Task Dependencies: Airflow allows you to define dependencies between tasks, specifying the order in which tasks should be executed. Tasks can run in parallel or sequentially, based on their dependencies.
Dynamic Workload Management: Airflow's dynamic configuration capabilities enable you to create reusable templates for tasks and dynamically generate task instances with different parameters.
Extensibility: Airflow is highly extensible through custom operators and sensors. You can create your own operators to perform specific tasks or integrate with external services.
Scheduler: Airflow has a built-in scheduler that manages the execution of tasks based on the defined schedule and task dependencies.
Logging and Monitoring: Airflow provides a user interface (UI) that allows you to monitor the status of workflows, track task execution, view logs, and troubleshoot issues.
Integration with External Systems: Airflow can integrate with various external systems and databases, such as Amazon S3, Google Cloud Storage, relational databases, and more.

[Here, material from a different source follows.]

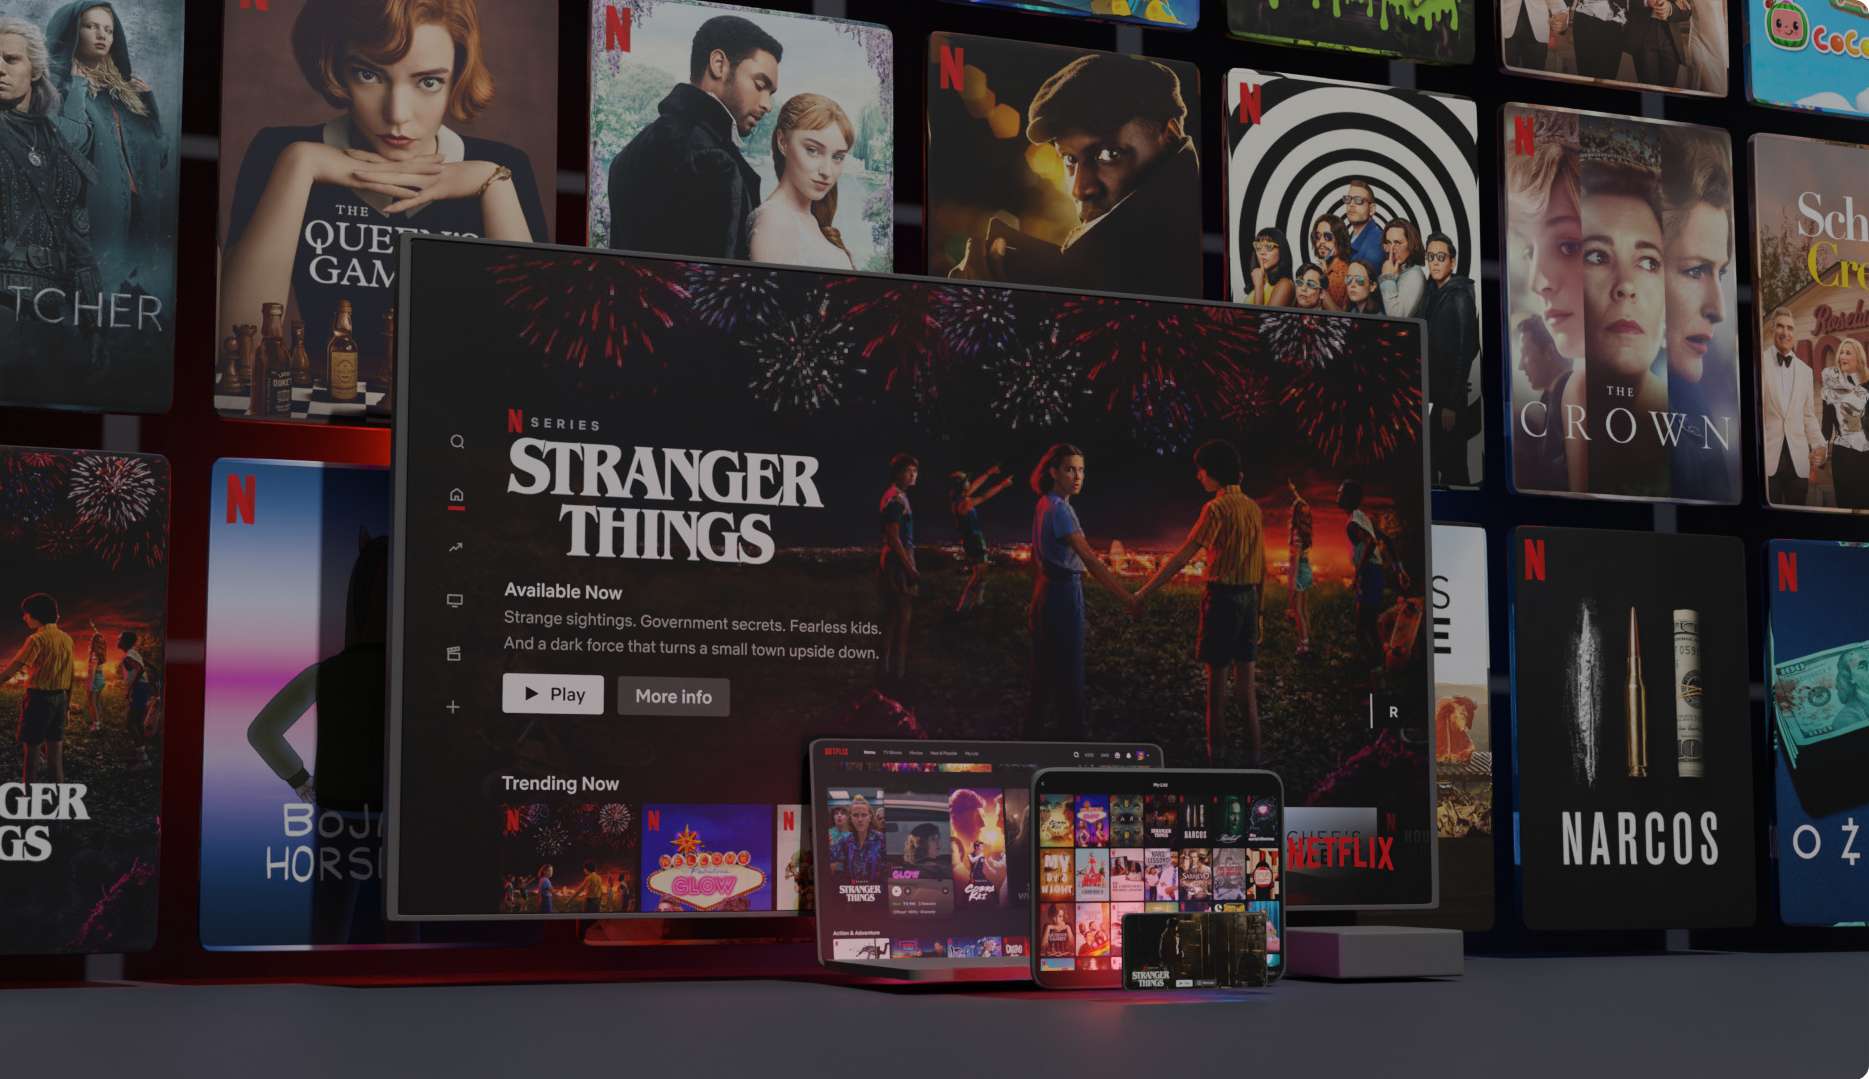 Netflix lança novo plano gratuito, mas apenas num país - 4gnews

Scalability: Airflow can be configured to work in a distributed environment, allowing you to scale out the execution of tasks as your workflow demands grow.
Extensive Community and Ecosystem: Being open-source, Airflow has a vibrant community contributing to its development. It has a wide range of third-party plugins, connectors, and integrations with other tools.
Amazon Managed Workflows for Apache Airflow
-- Airflow is commonly used for tasks such as running ETL jobs ETL(Extract - Transform - Load)
-- Managing Machine Learning Pipelines
-- Automating DevOps Tasks
03:06 - Run Airflow in Python Env
First of all let's create a Python project and then install Airflow.
Airflow requires a python version above 3.6
Create a python environment : python3 -m venv py_env
The command python3 -m venv py_env is used to create a virtual environment for Python projects using the built-in venv
module in Python 3. A virtual environment is a self-contained directory
that houses its own Python interpreter and isolated libraries. This is
particularly useful when working on multiple projects with different
dependencies or when you want to avoid conflicts between system-wide
Python installations and project-specific requirements.
source py_env/bin/activate
Next we are going to install Apache Airflow locally.
Official : Apache Github repo: https://github.com/apache/airflow
pip install 'apache-airflow==2.7.0' \
--constraint "https://raw.githubusercontent.com/apache/airflow/constraints-2.7.0/constraints-3.8.txt"
There was a missing of GCC . There is an instruction which asks us to install command line tools.
Again we execute the pip install command again
pip install 'apache-airflow==2.7.0' \
--constraint "https://raw.githubusercontent.com/apache/airflow/constraints-2.7.0/constraints-3.8.txt"
This time there is no error. This time the Airfow is installed successfully.
......Next ....Initialize the database for Airflow
Before that we need to integrate the Airflow home directory , by default it will create a folder as "airflow" in default home directory .
i export AIRFLOW_HOME=${CURRENT_DIRECORY}
export AIRFLOW_HOME=.
next we initialize the database :
> airflow db init
This command will create a SQlite database , a lock folder and some configuration files.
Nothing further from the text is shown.